== Stored data ==
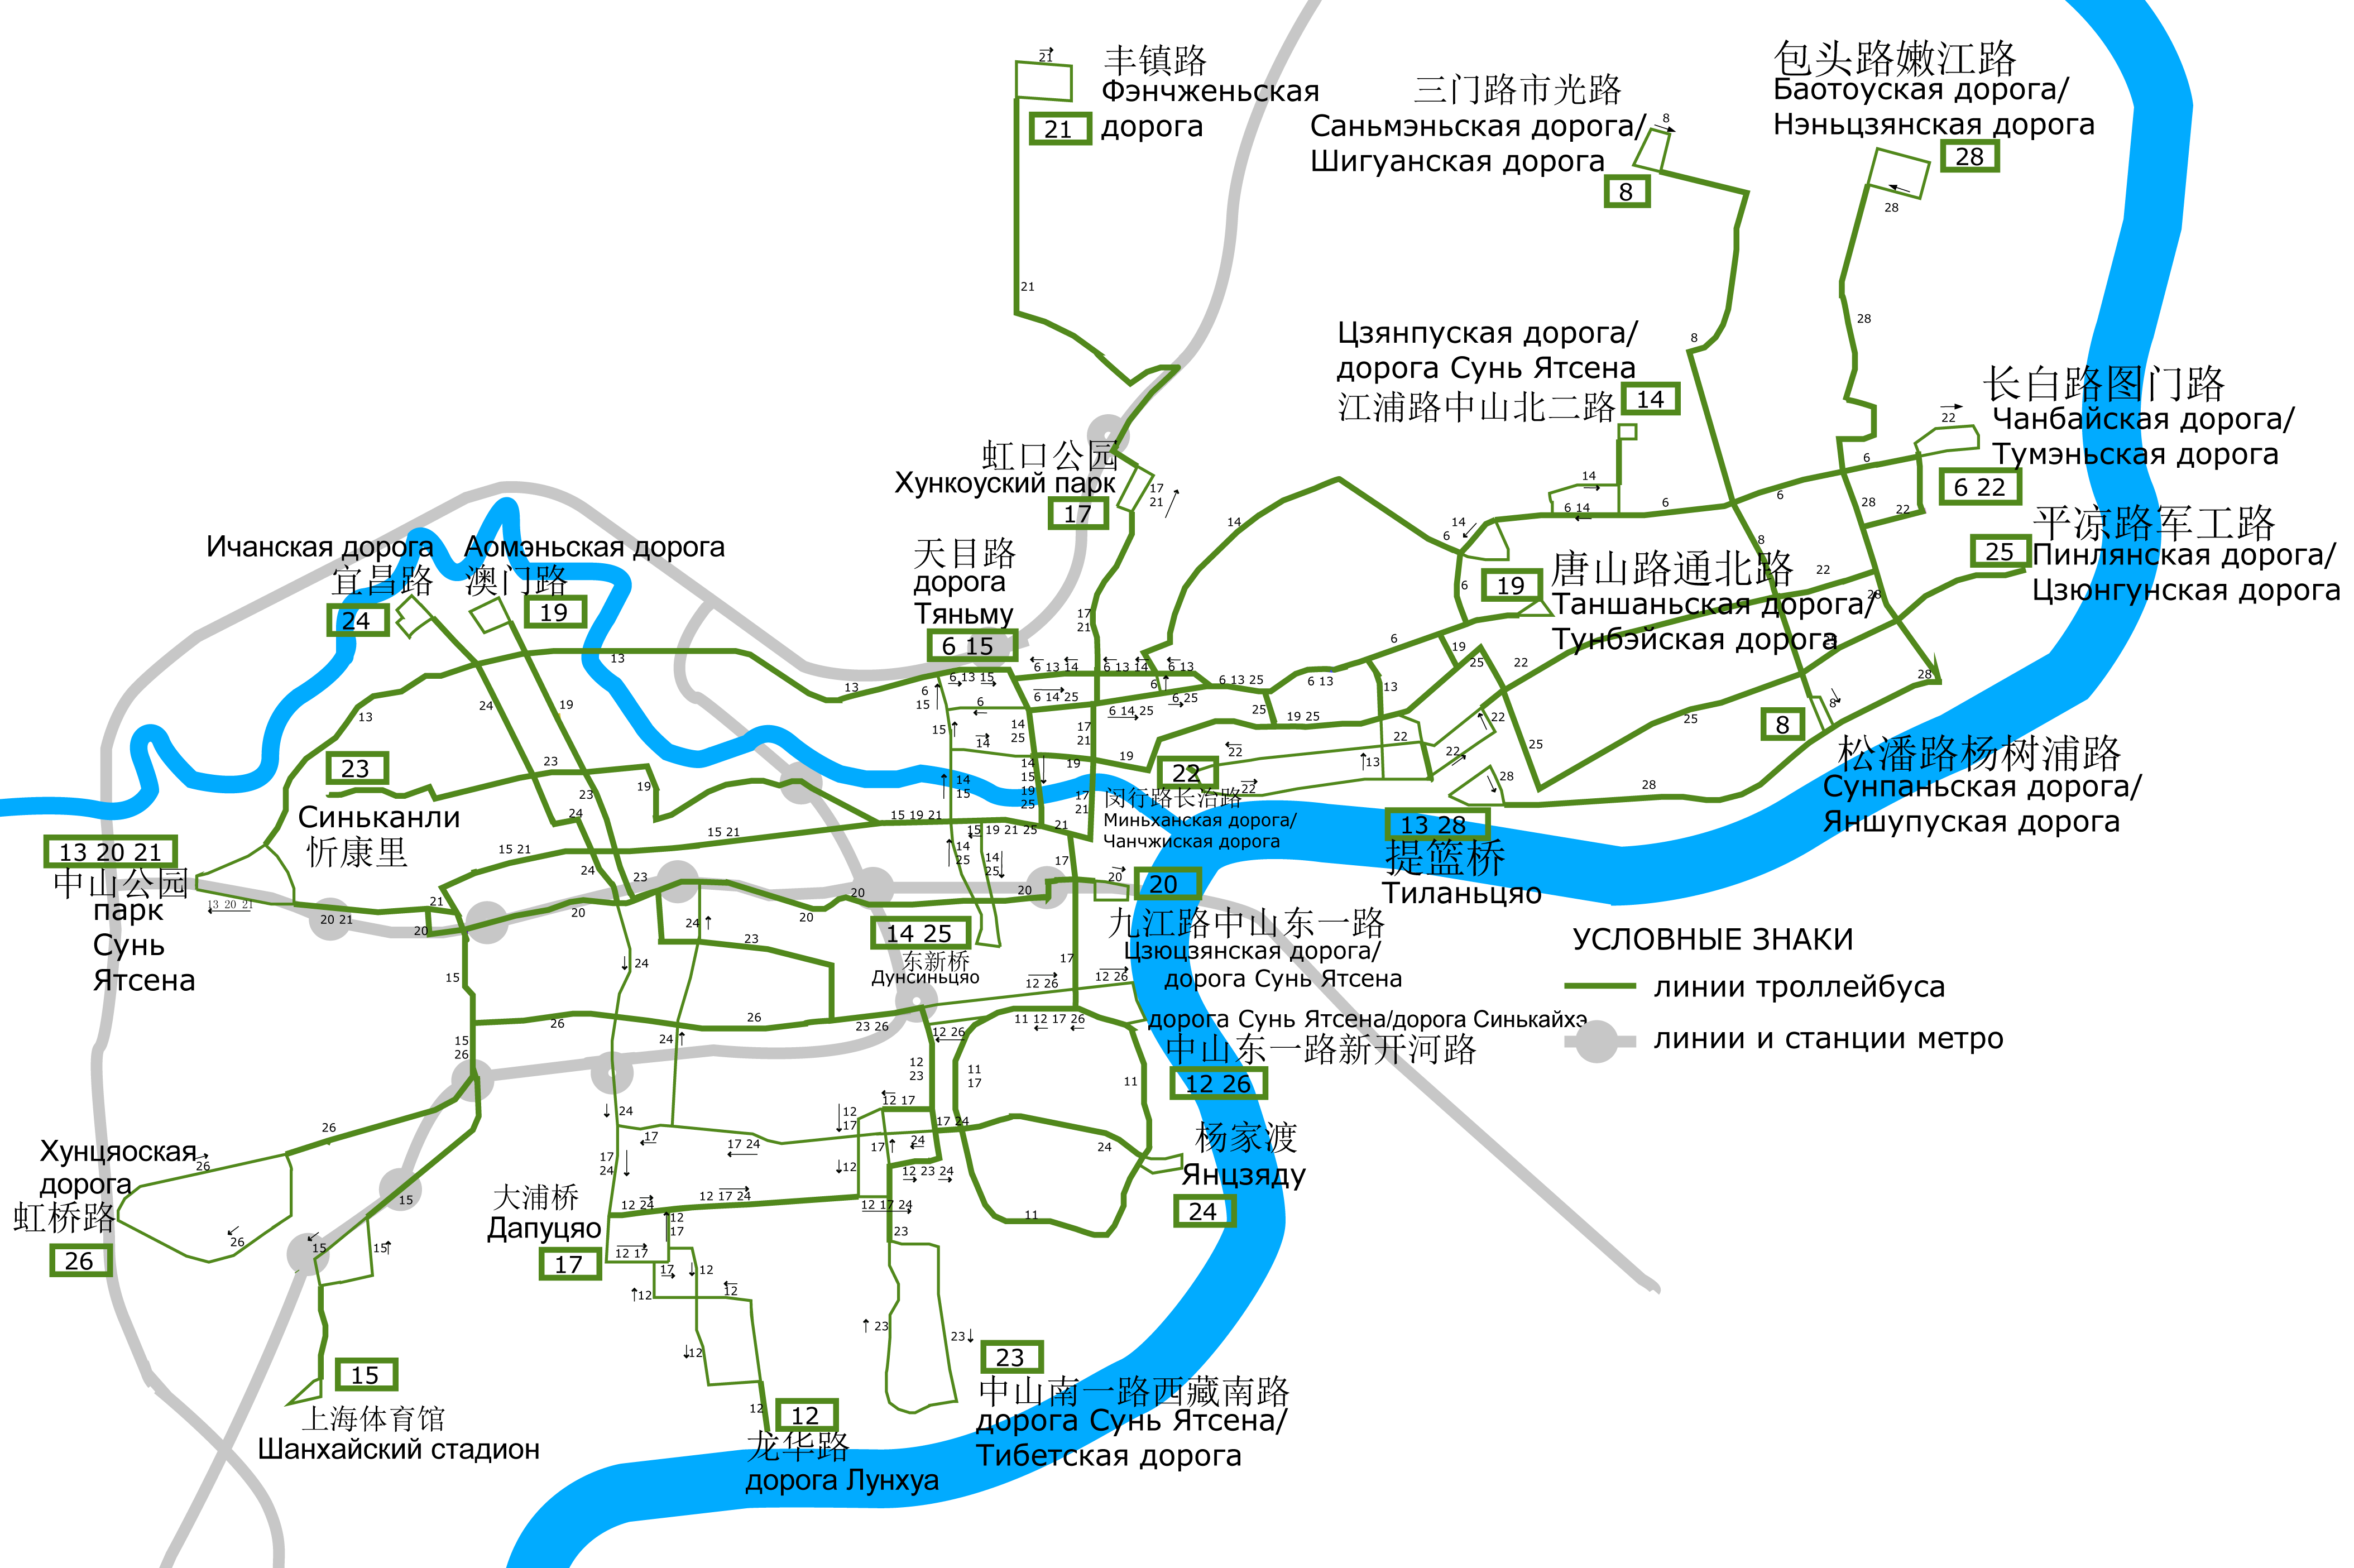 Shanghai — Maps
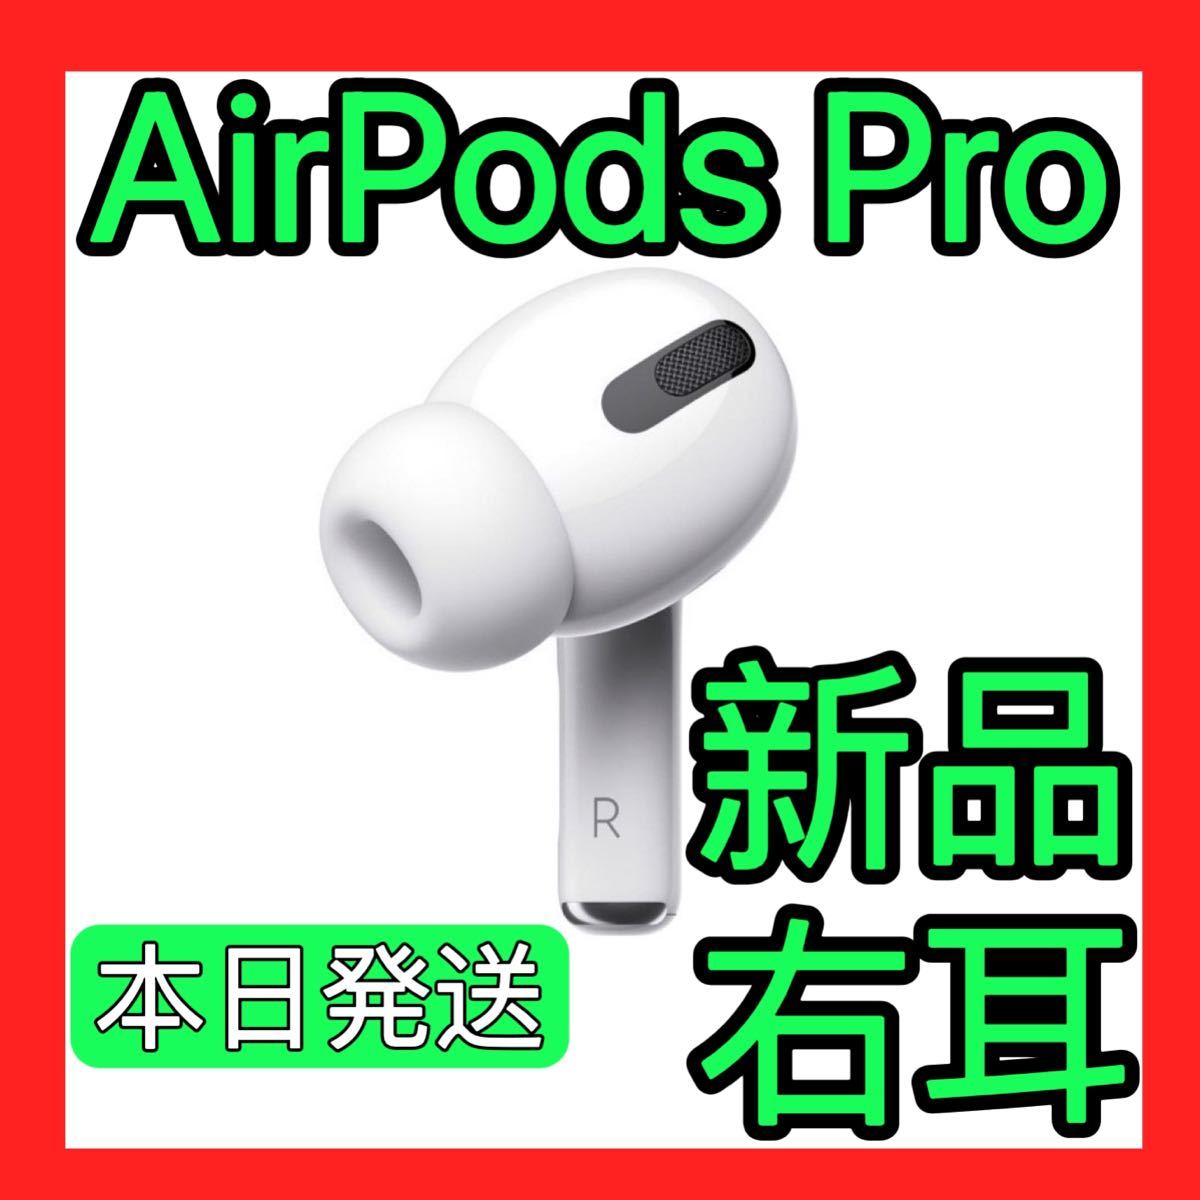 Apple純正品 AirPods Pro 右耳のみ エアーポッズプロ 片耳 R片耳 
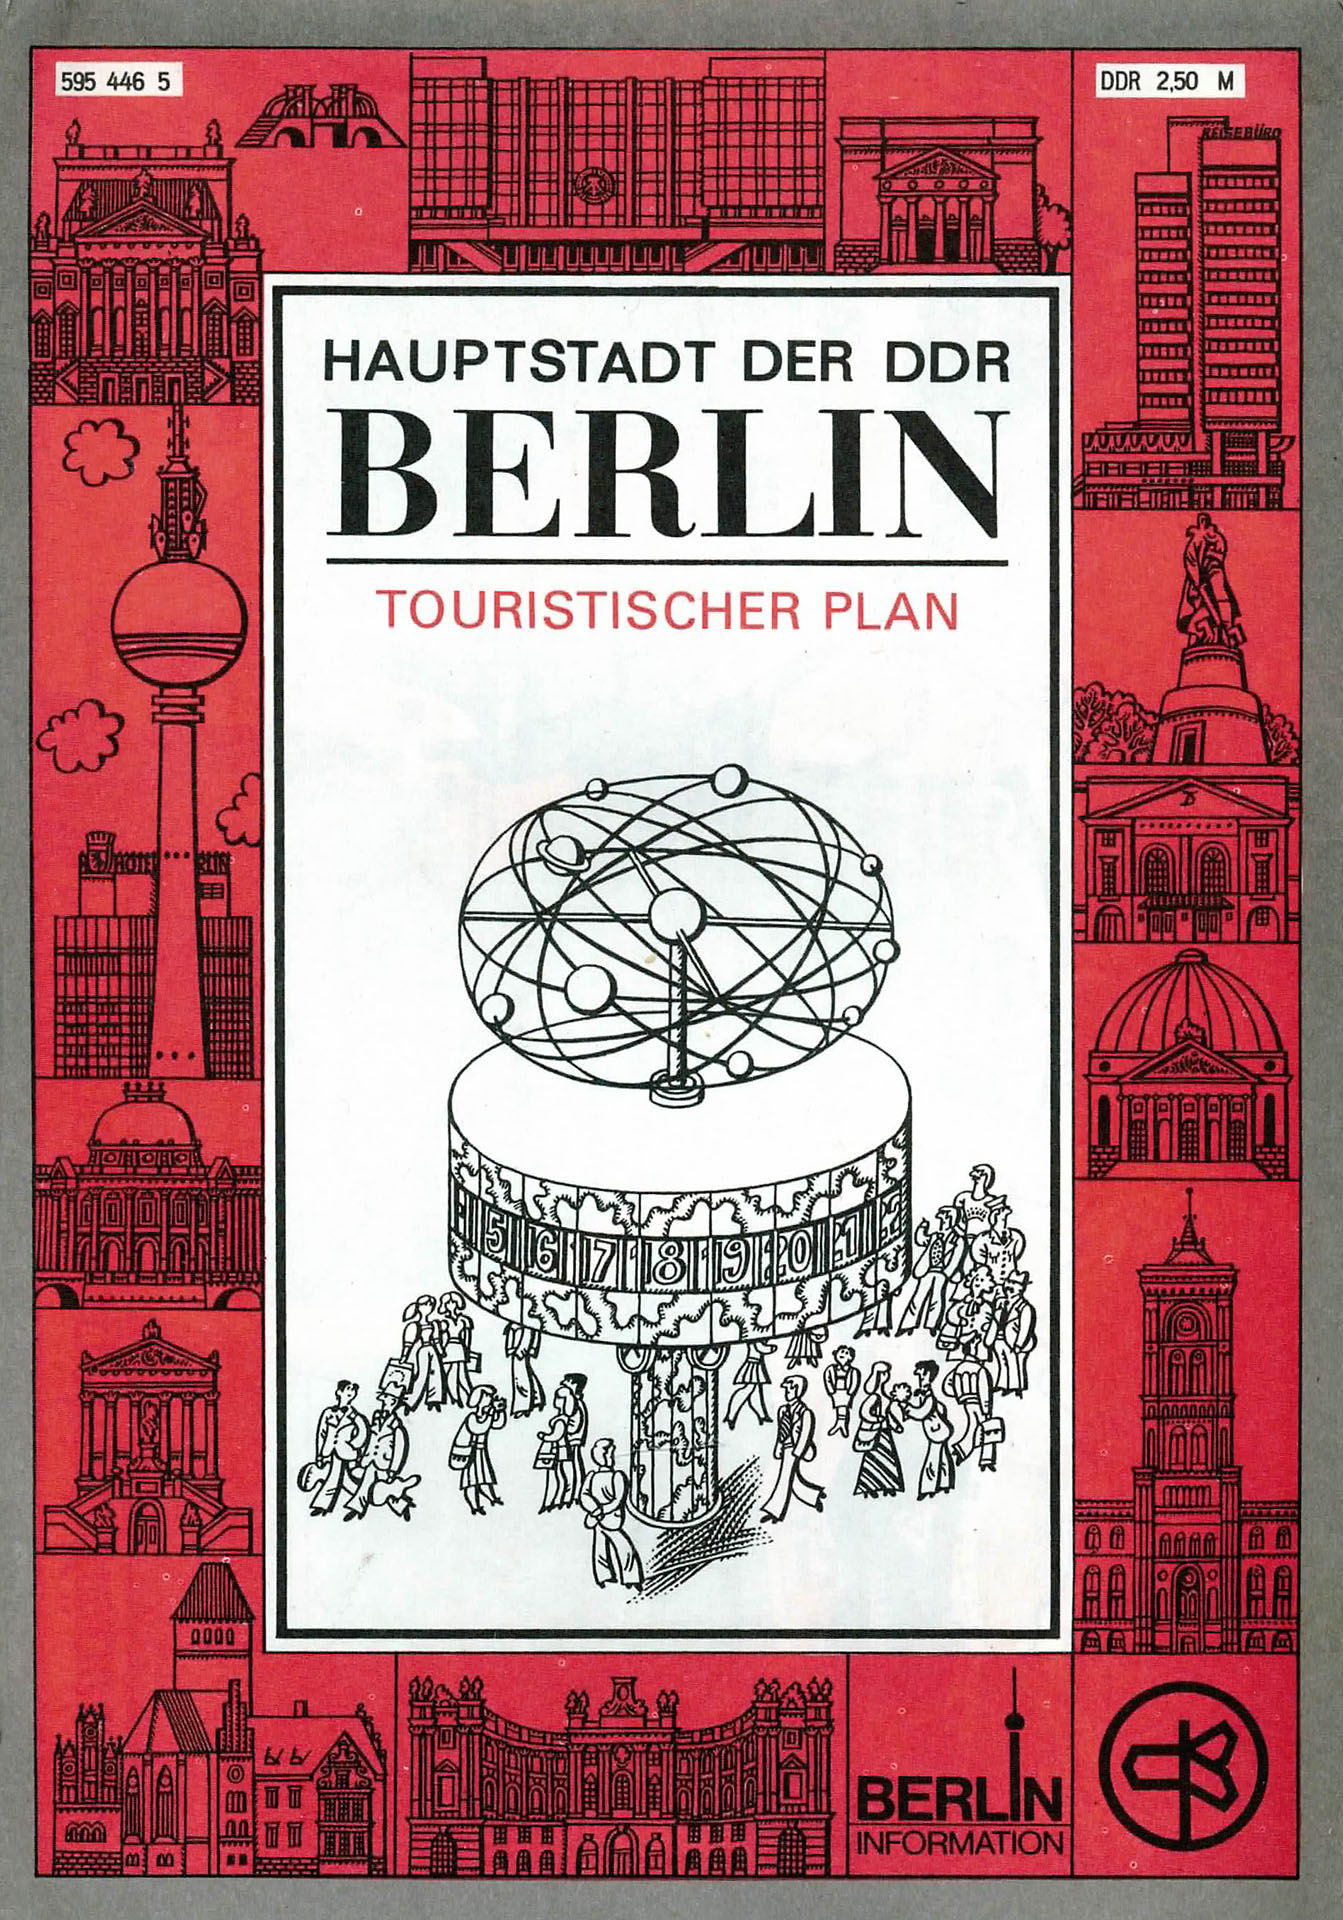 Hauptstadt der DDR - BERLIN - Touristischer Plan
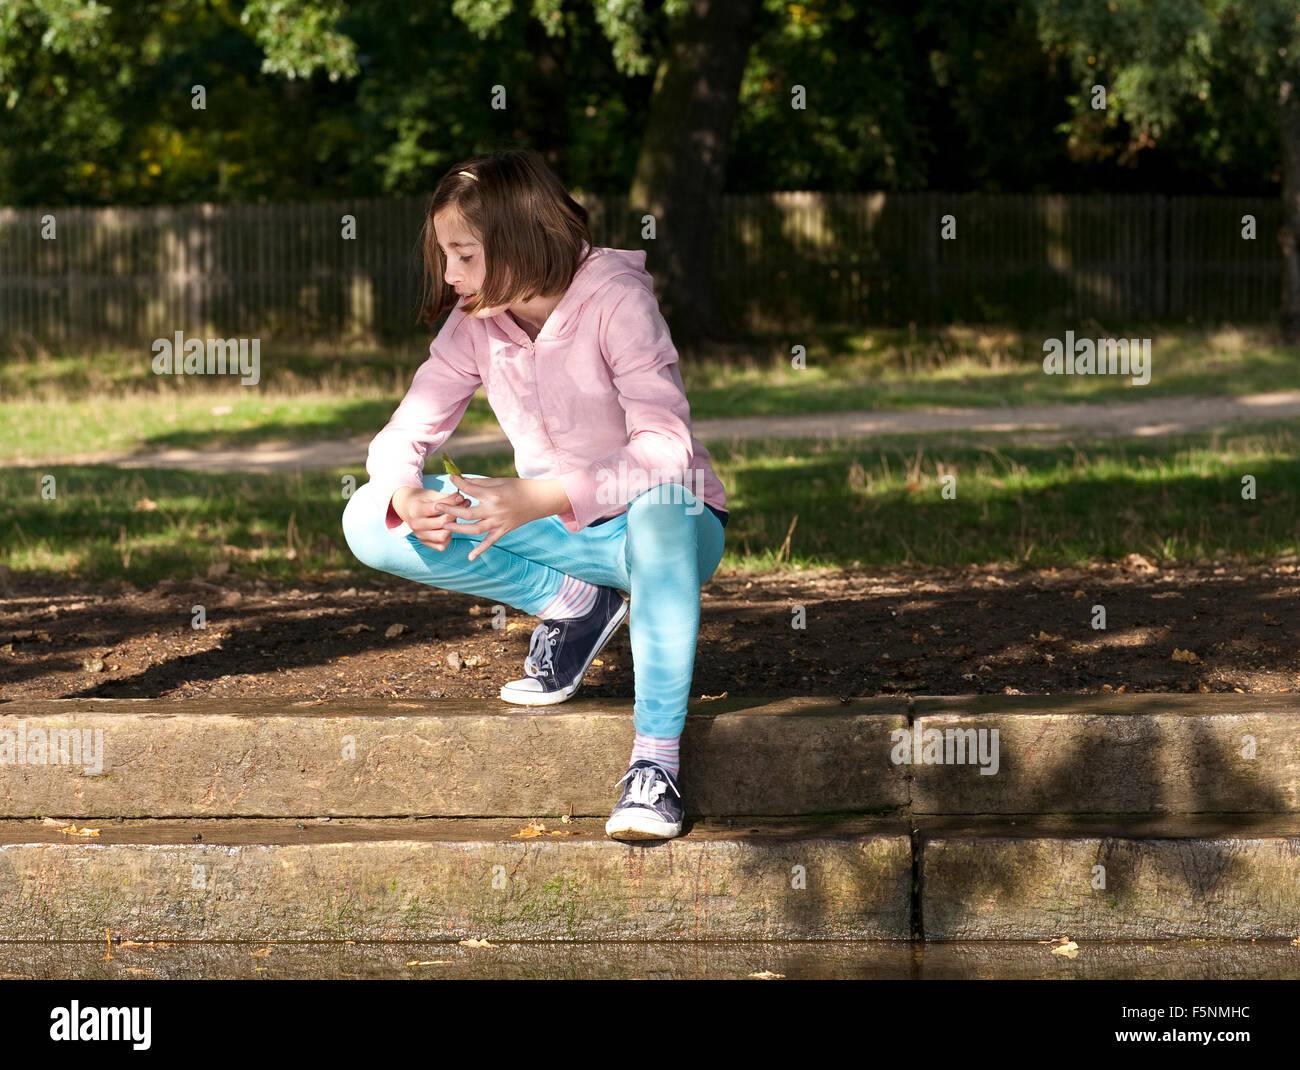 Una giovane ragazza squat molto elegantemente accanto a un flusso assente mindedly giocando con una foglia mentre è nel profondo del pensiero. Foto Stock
===
Write out the listing above in full, word for word, with no pictures.

* _Your solution_:
 Shanghai — Maps
 Apple純正品 AirPods Pro 右耳のみ エアーポッズプロ 片耳 R片耳 
 Hauptstadt der DDR - BERLIN - Touristischer Plan
 Una giovane ragazza squat molto elegantemente accanto a un flusso assente mindedly giocando con una foglia mentre è nel profondo del pensiero. Foto Stock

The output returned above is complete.